EtcdGrpcRequestsSlow #
GRPC requests slowing down, 99th percentile is over 0.15s
Alert Rule
alert: EtcdGrpcRequestsSlow
annotations:
description: |-
GRPC requests slowing down, 99th percentile is over 0.15s
VALUE = {{ $value }}
LABELS = {{ $labels }}
runbook: https://srerun.github.io/prometheus-alerts/runbooks/etcd-internal/etcdgrpcrequestsslow/
summary: Etcd GRPC requests slow (instance {{ $labels.instance }})
expr: histogram_quantile(0.99, sum(rate(grpc_server_handling_seconds_bucket{grpc_type="unary"}[1m]))
by (grpc_service, grpc_method, le)) > 0.15
for: 2m
labels:
severity: warning
Here is a runbook for the EtcdGrpcRequestsSlow alert:
Meaning #
The EtcdGrpcRequestsSlow alert is triggered when the 99th percentile of etcd GRPC request handling time exceeds 0.15 seconds over a 1-minute window. This indicates that etcd GRPC requests are taking longer than expected to process, which can impact the overall performance and reliability of the etcd cluster.
Impact #
The impact of slow etcd GRPC requests can be significant, leading to:
- Increased latency for etcd operations
- Reduced throughput for etcd requests
- Potential timeouts and errors for clients relying on etcd
- Cascade failures in dependent systems
Diagnosis #
To diagnose the root cause of slow etcd GRPC requests, follow these steps:
- Check etcd node logs for any signs of high CPU usage, memory pressure, or disk I/O issues.

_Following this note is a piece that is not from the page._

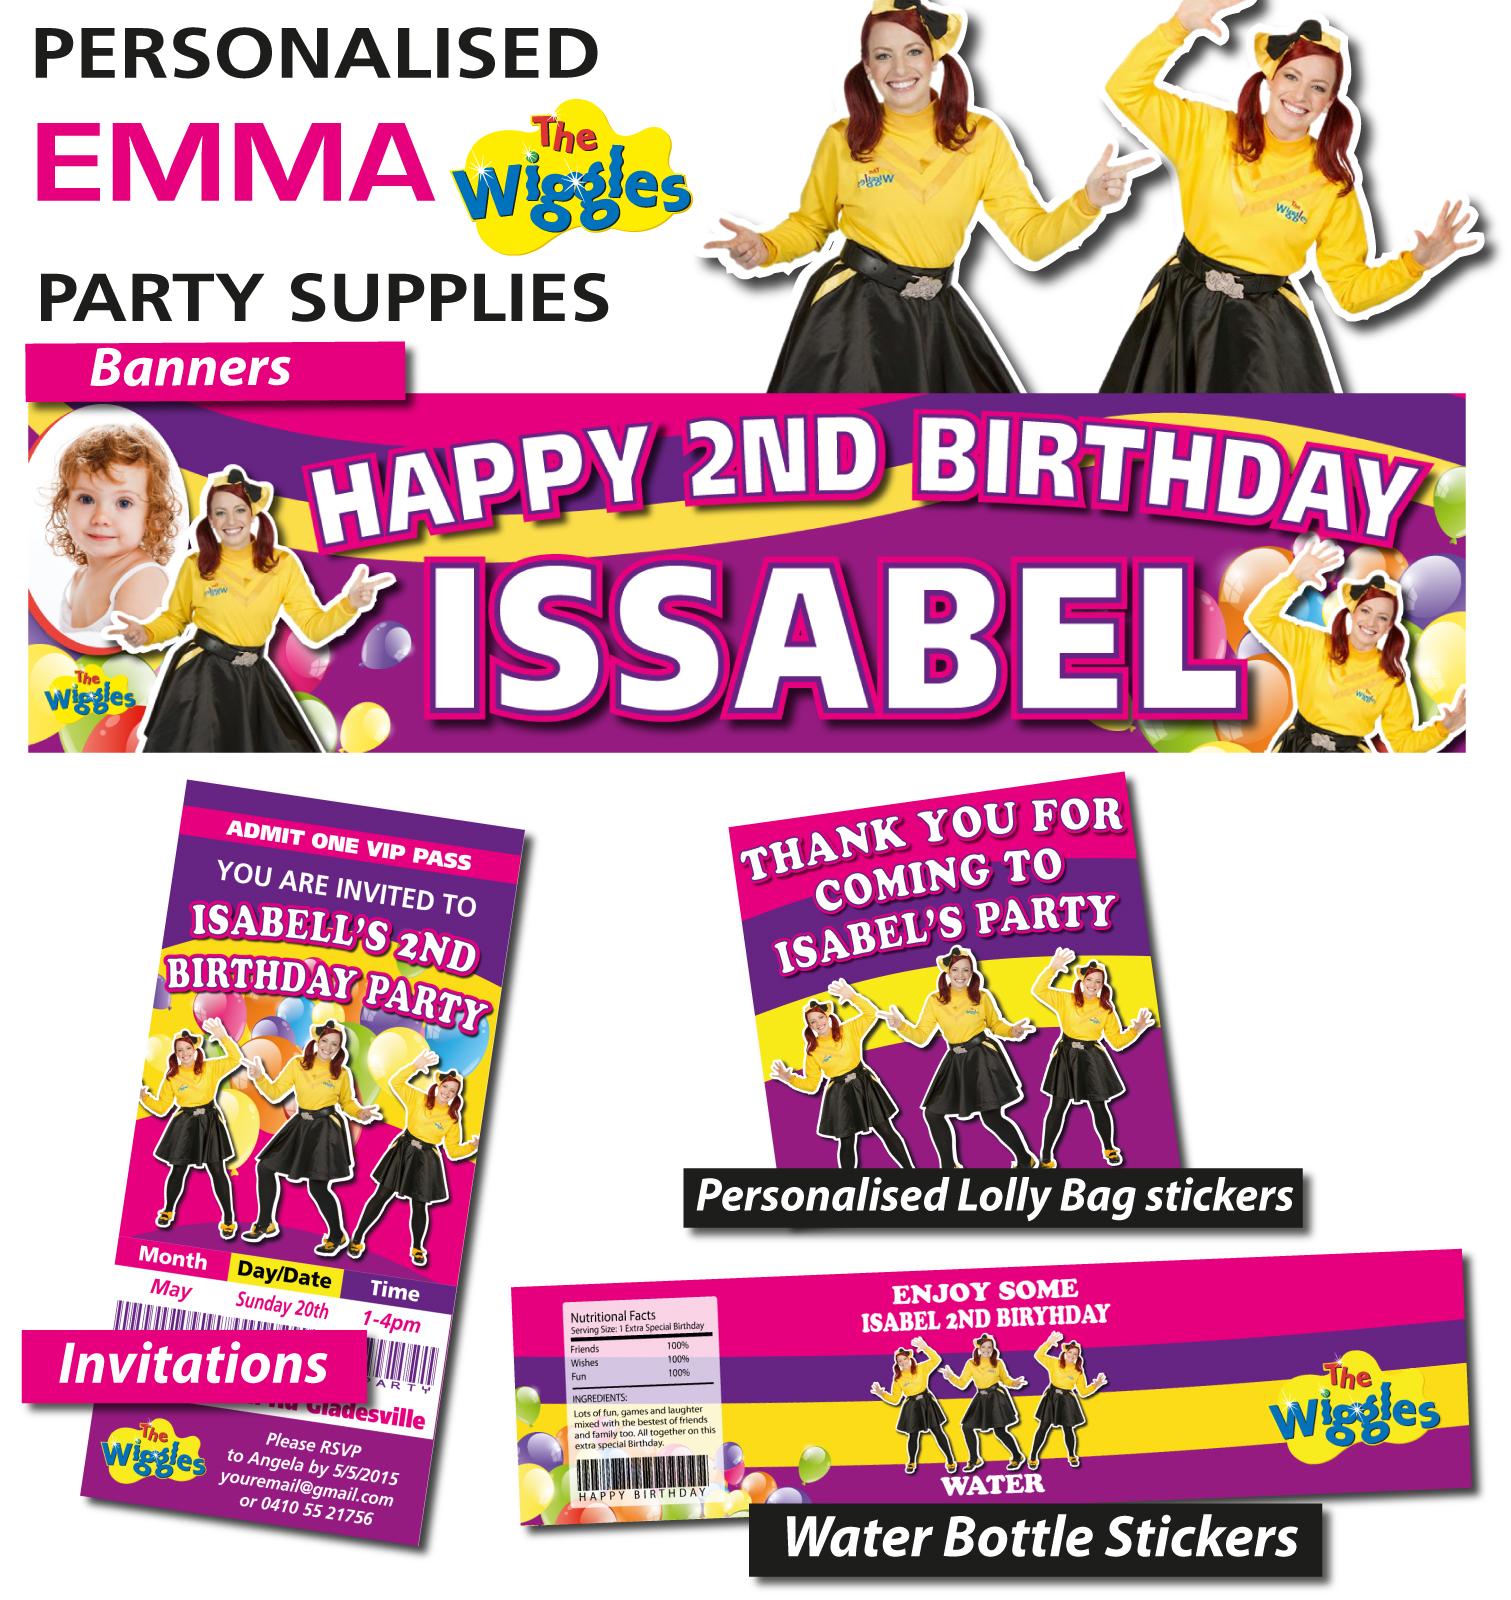 wiggles-emma-birthday-banner-ebay.jpg

- Verify that etcd is properly configured and optimized for performance.
- Check for any network issues or congestion that may be contributing to slow request processing.
- Use tools like
etcdctl
orgrpcurl
to inspect etcd cluster health and verify that no nodes are experiencing high latency. - Review etcd request metrics (e.g.,
grpc_server_handling_seconds_bucket
) to identify specific methods or services experiencing slow request processing.
Mitigation #
To mitigate the impact of slow etcd GRPC requests, follow these steps:
- Apply performance optimizations to etcd nodes, such as adjusting resource allocations or tuning configuration settings.
- Implement load balancing or sharding to distribute etcd request traffic and reduce load on individual nodes.
- Investigate and resolve any underlying network issues or congestion contributing to slow request processing.
- Consider increasing etcd node resources (e.g., CPU, memory) to alleviate performance bottlenecks.
- If the issue persists, consider rolling back recent changes or seeking assistance from etcd experts or the etcd community.